● YOUR OBJECTIVE: Leave out the pictures and reproduce all of the data exactly.

● DATA EXTRACT:
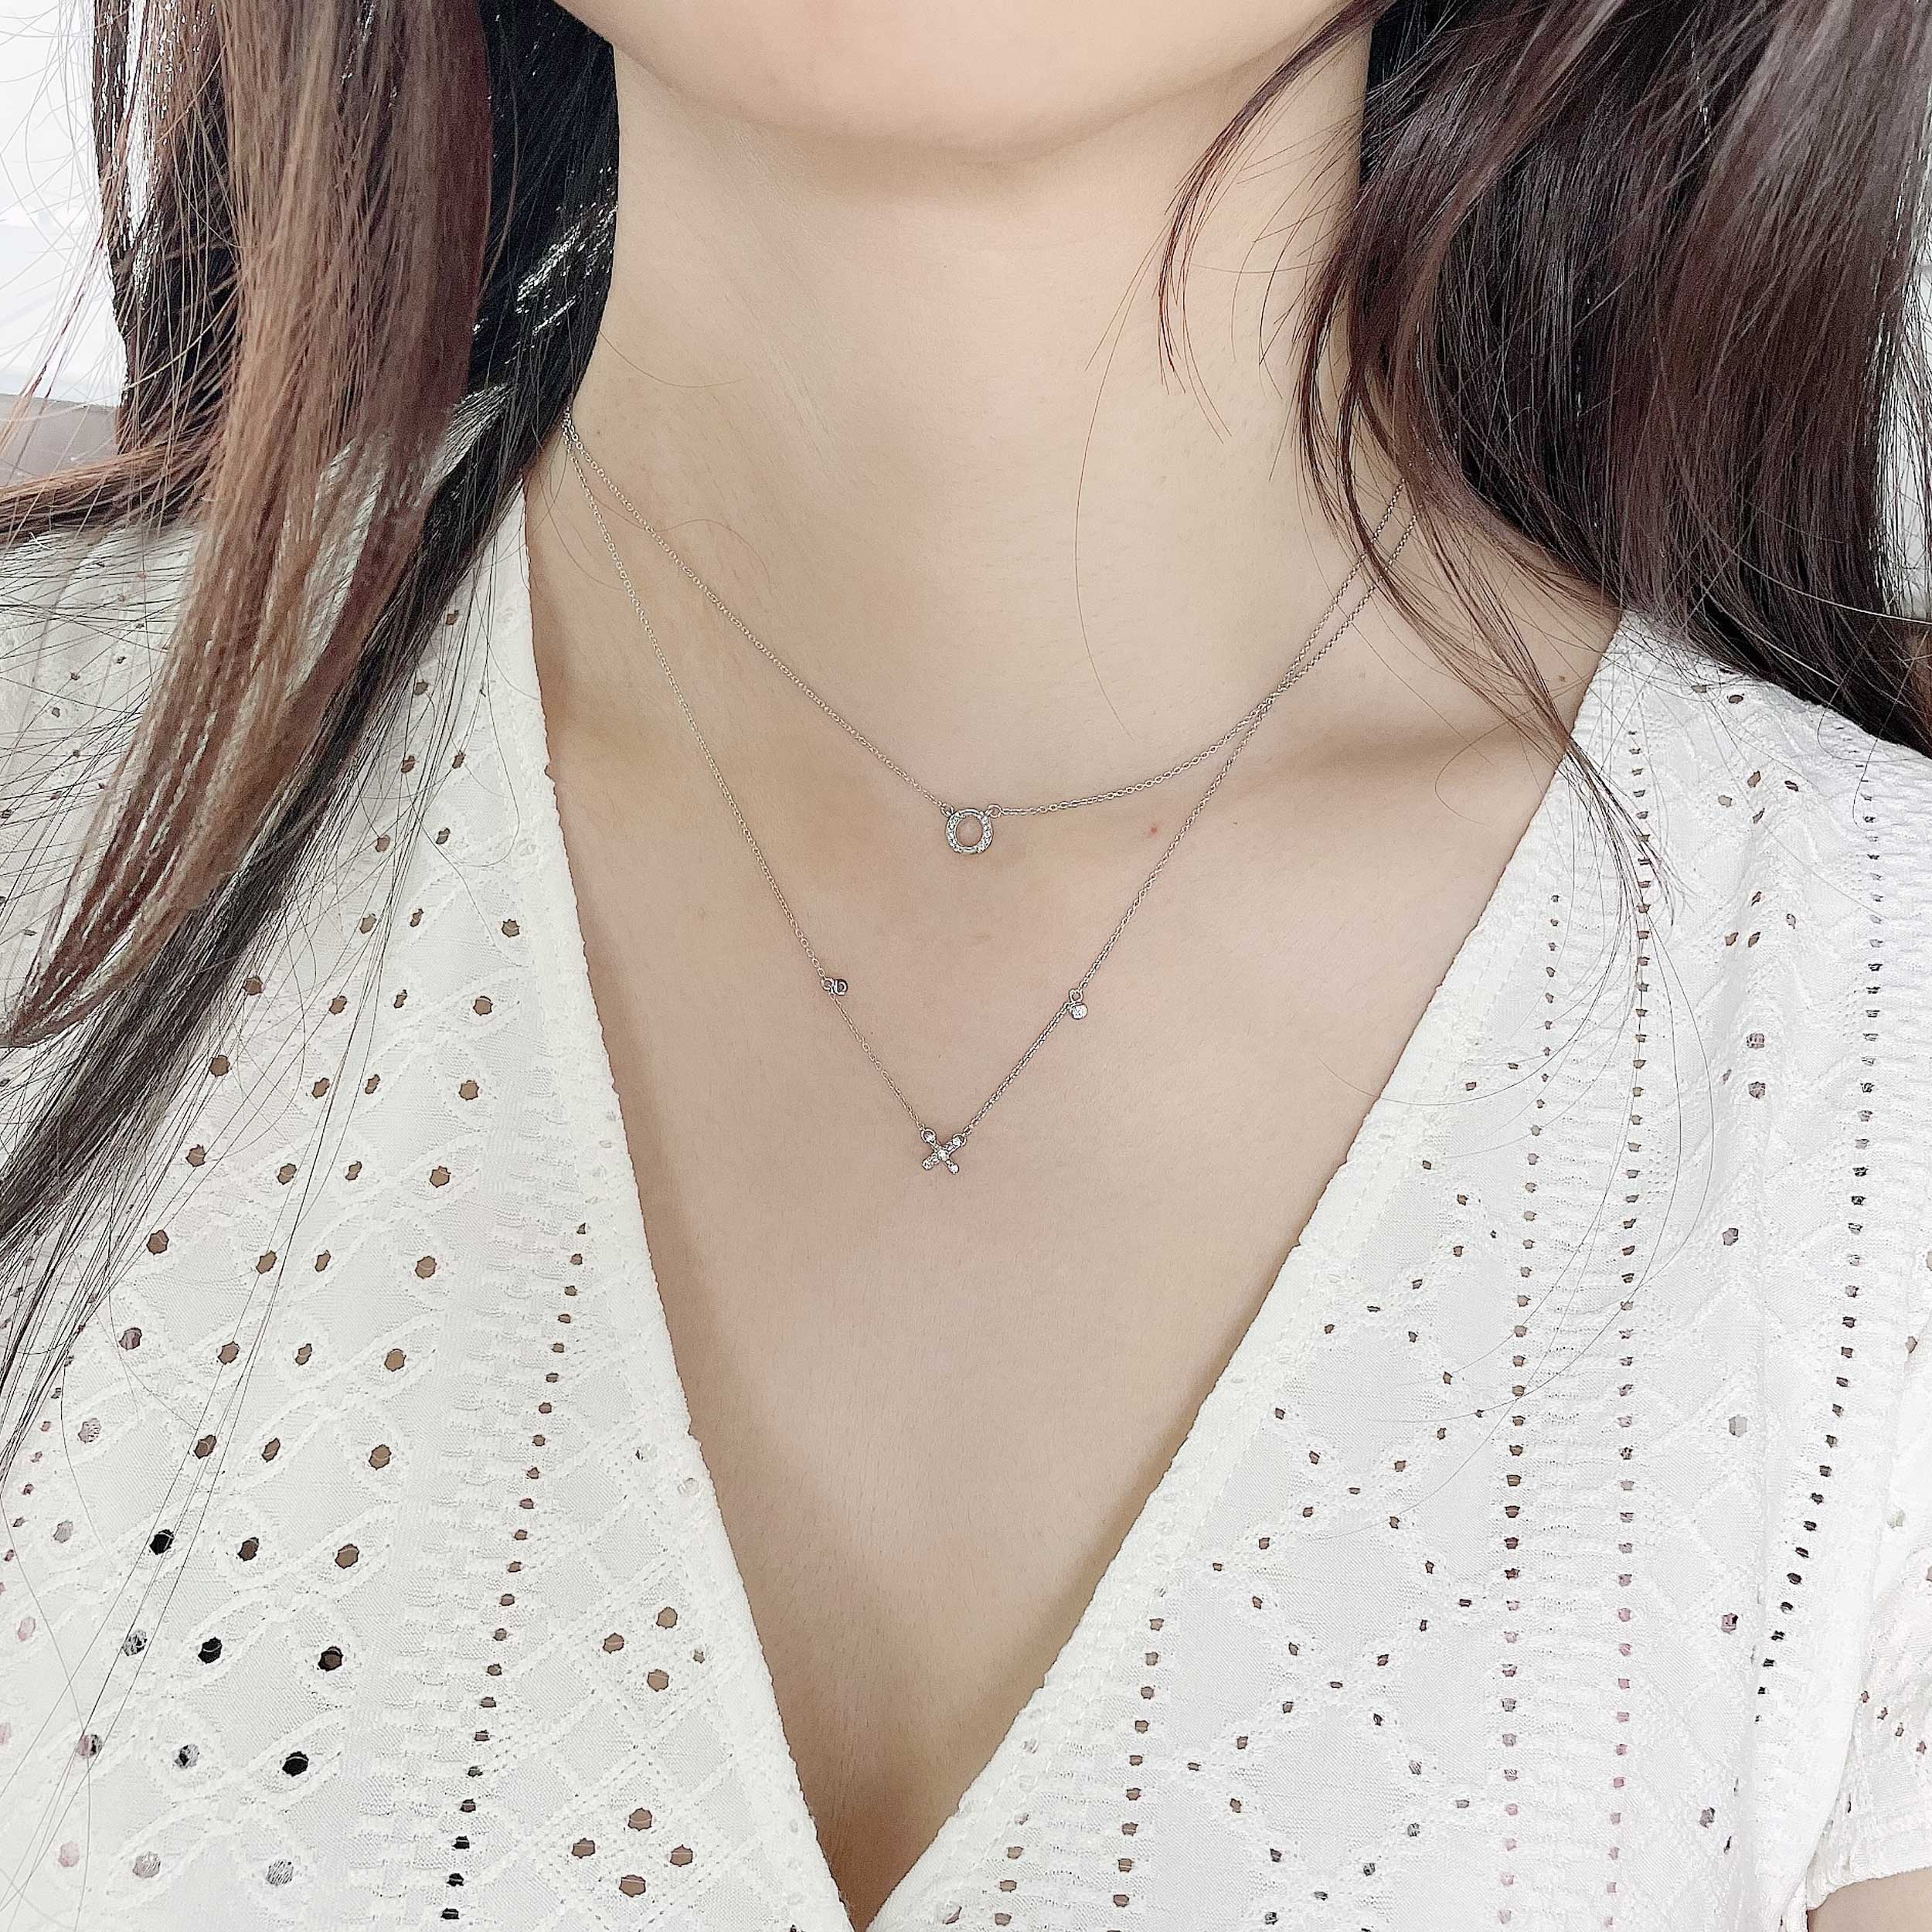 Shop 10 Carat Diamond Heart Necklace | Carbon & Hyde
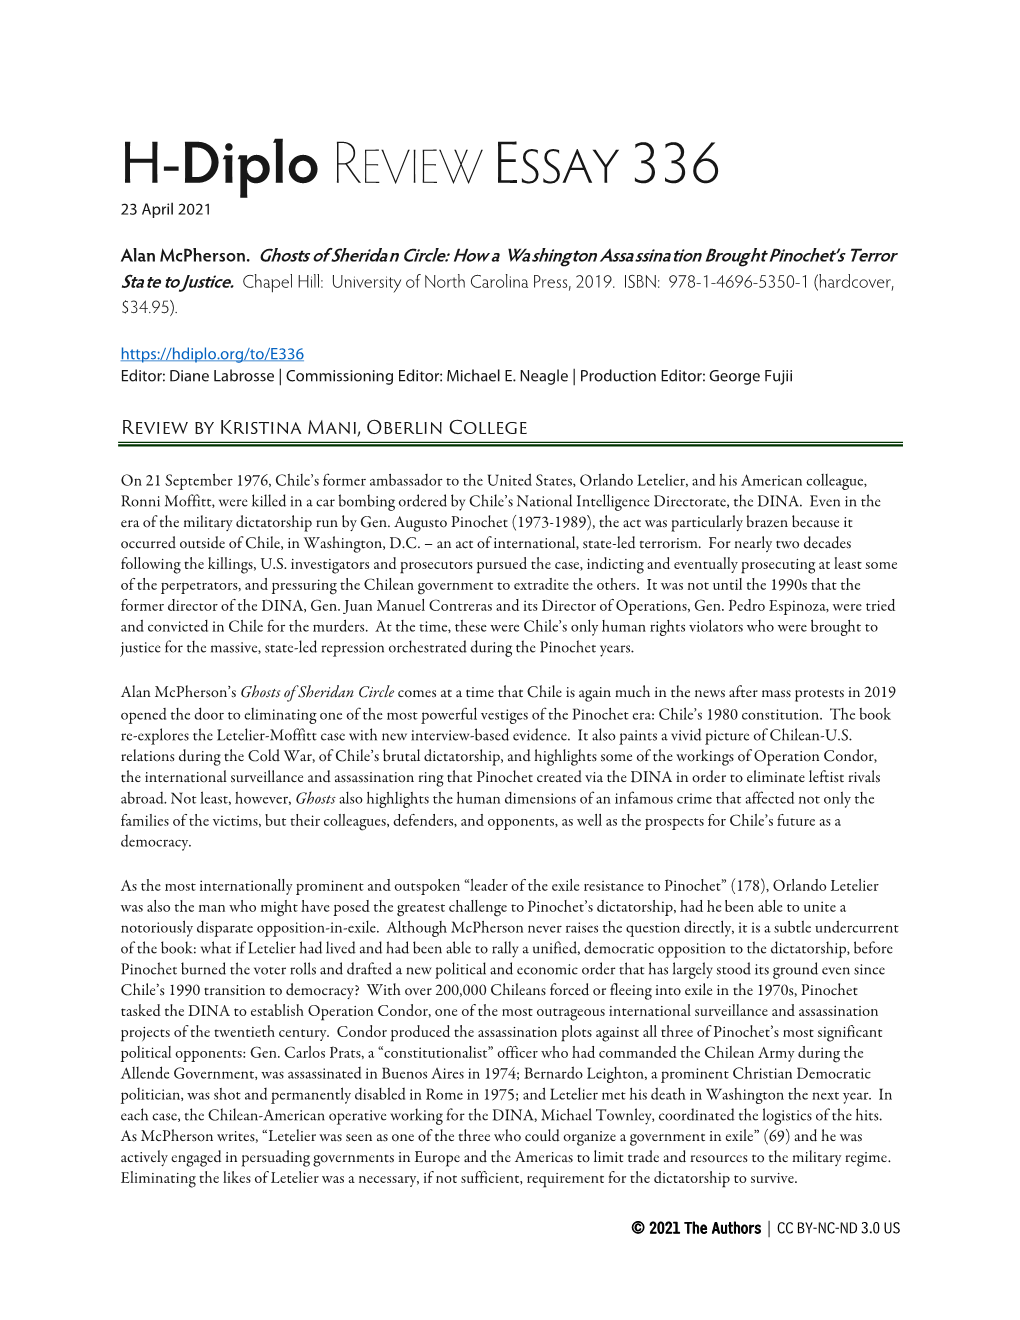 H-Diplo REVIEW ESSAY 336 23 April 2021
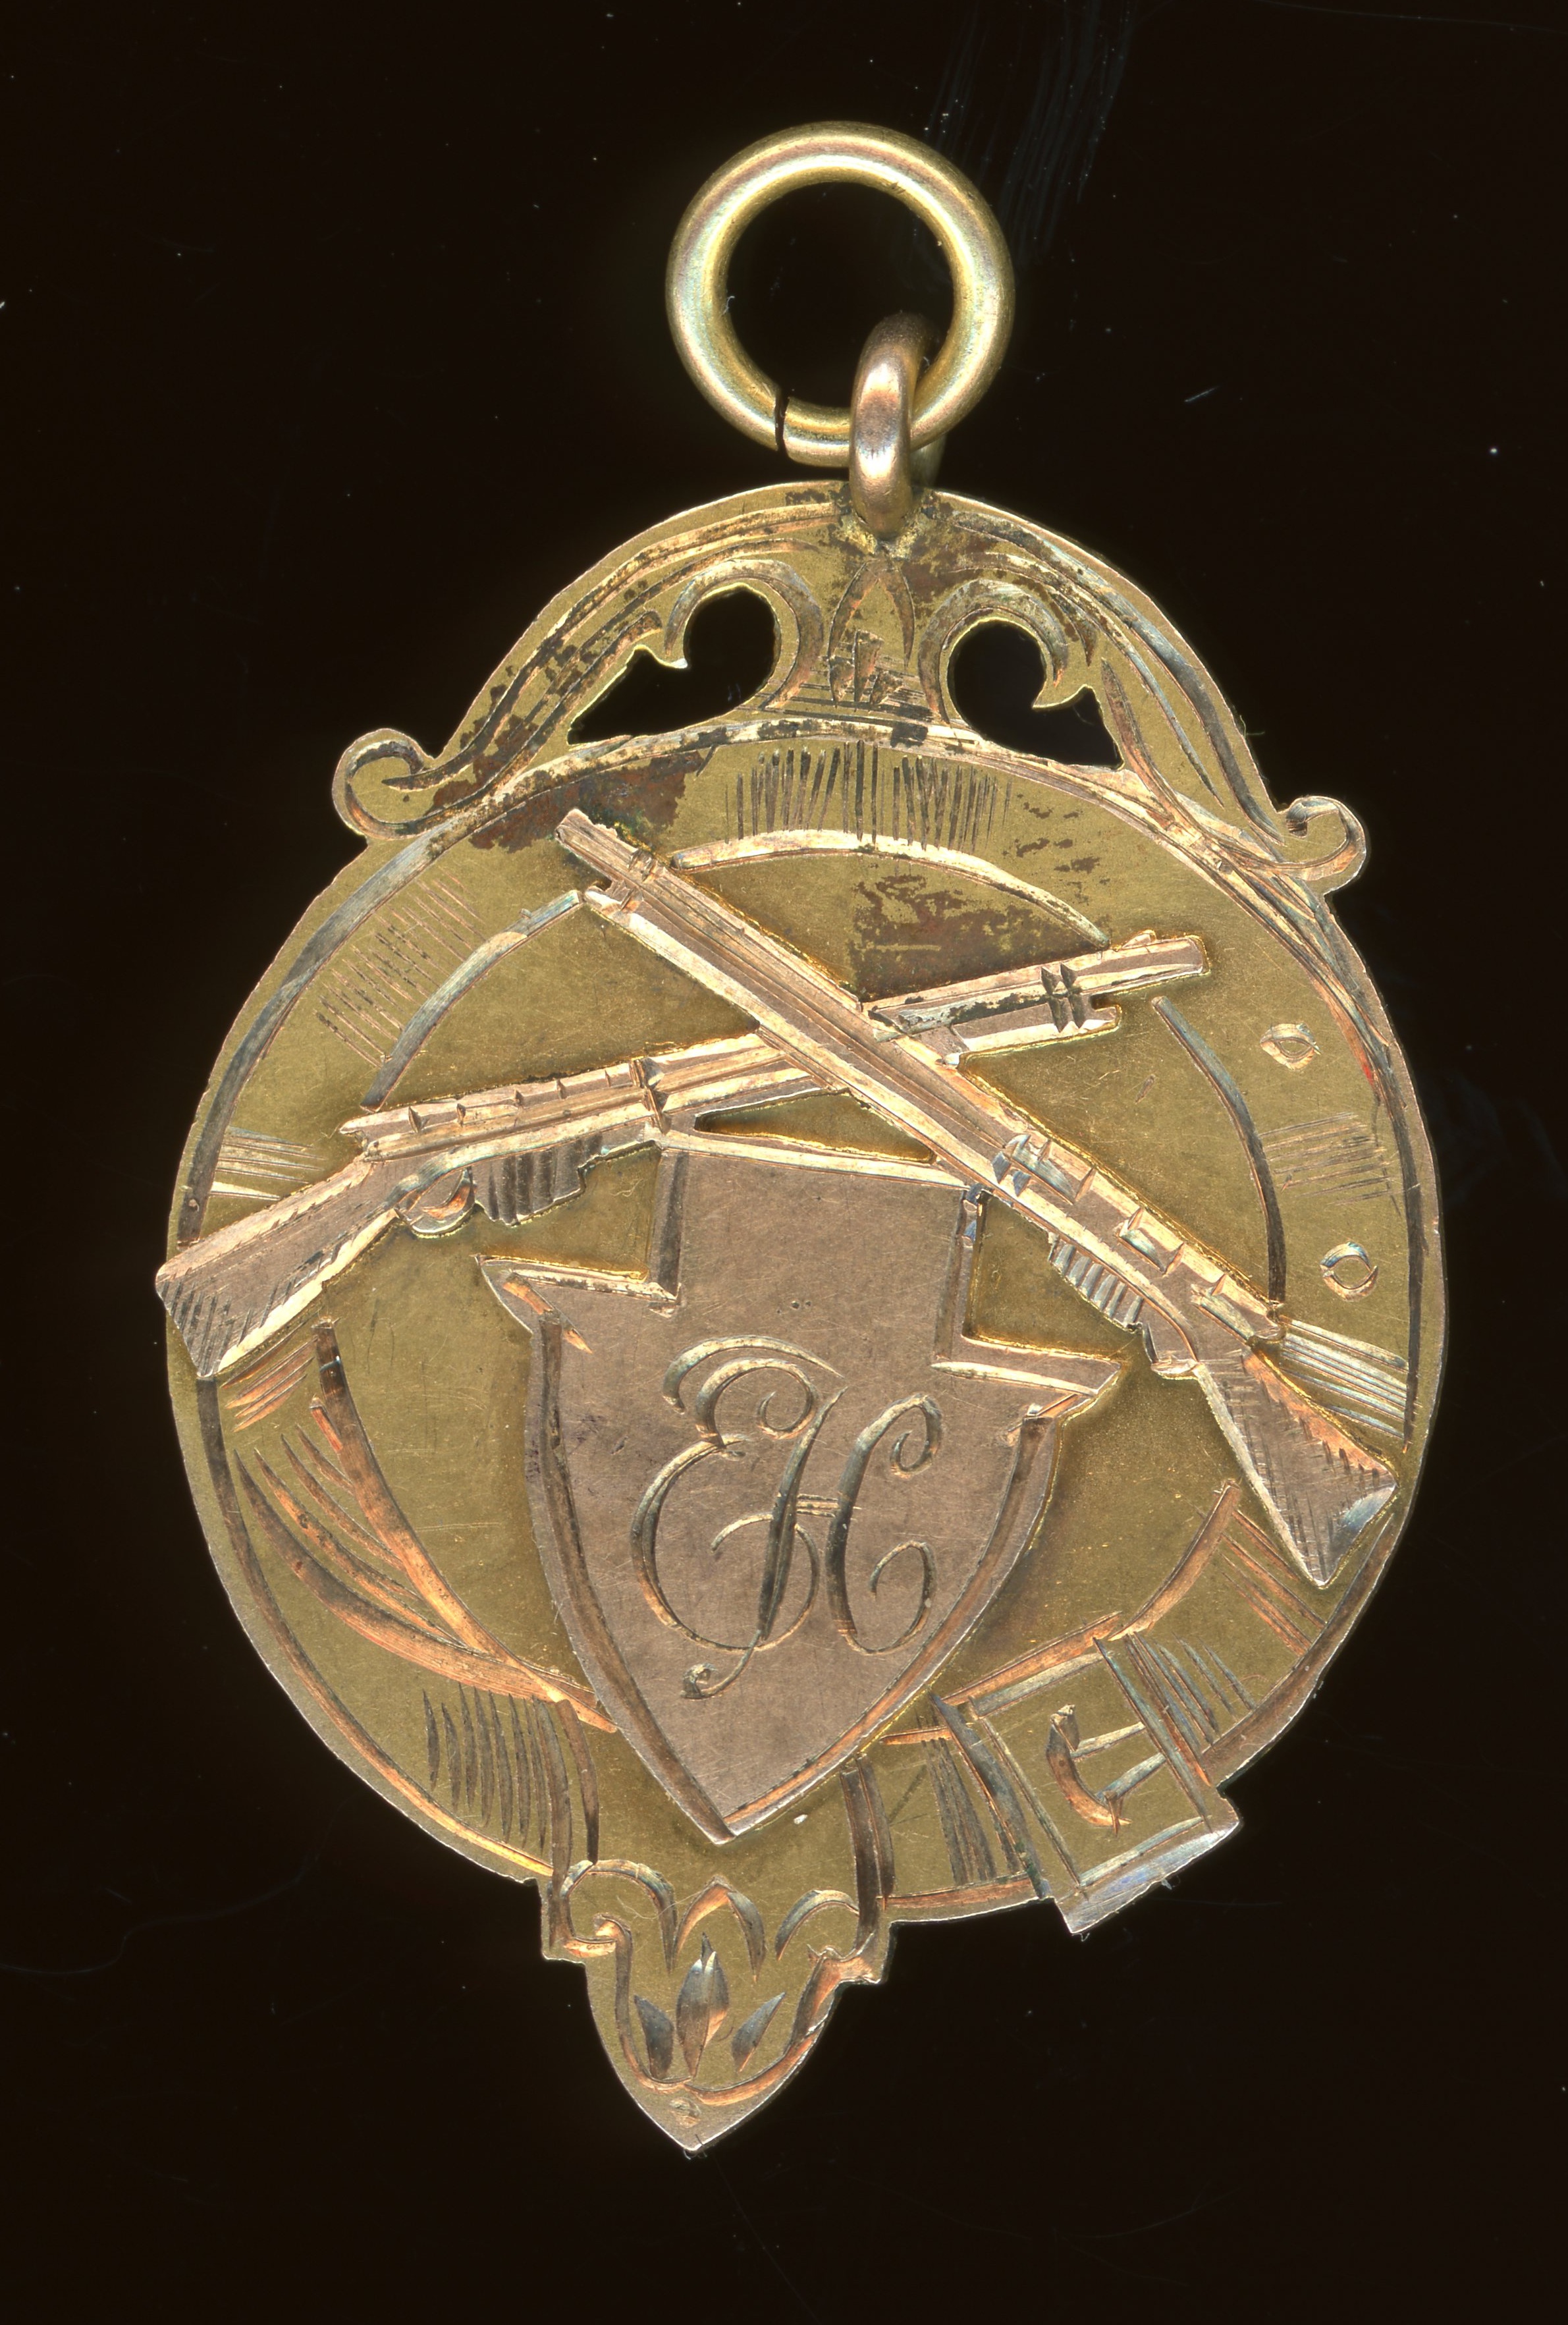 Edward Hoskin - St Andrews commemorative medallion, 1919

● ANSWER FOR THIS EXERCISE:
 Shop 10 Carat Diamond Heart Necklace | Carbon & Hyde
 H-Diplo REVIEW ESSAY 336 23 April 2021
 Edward Hoskin - St Andrews commemorative medallion, 1919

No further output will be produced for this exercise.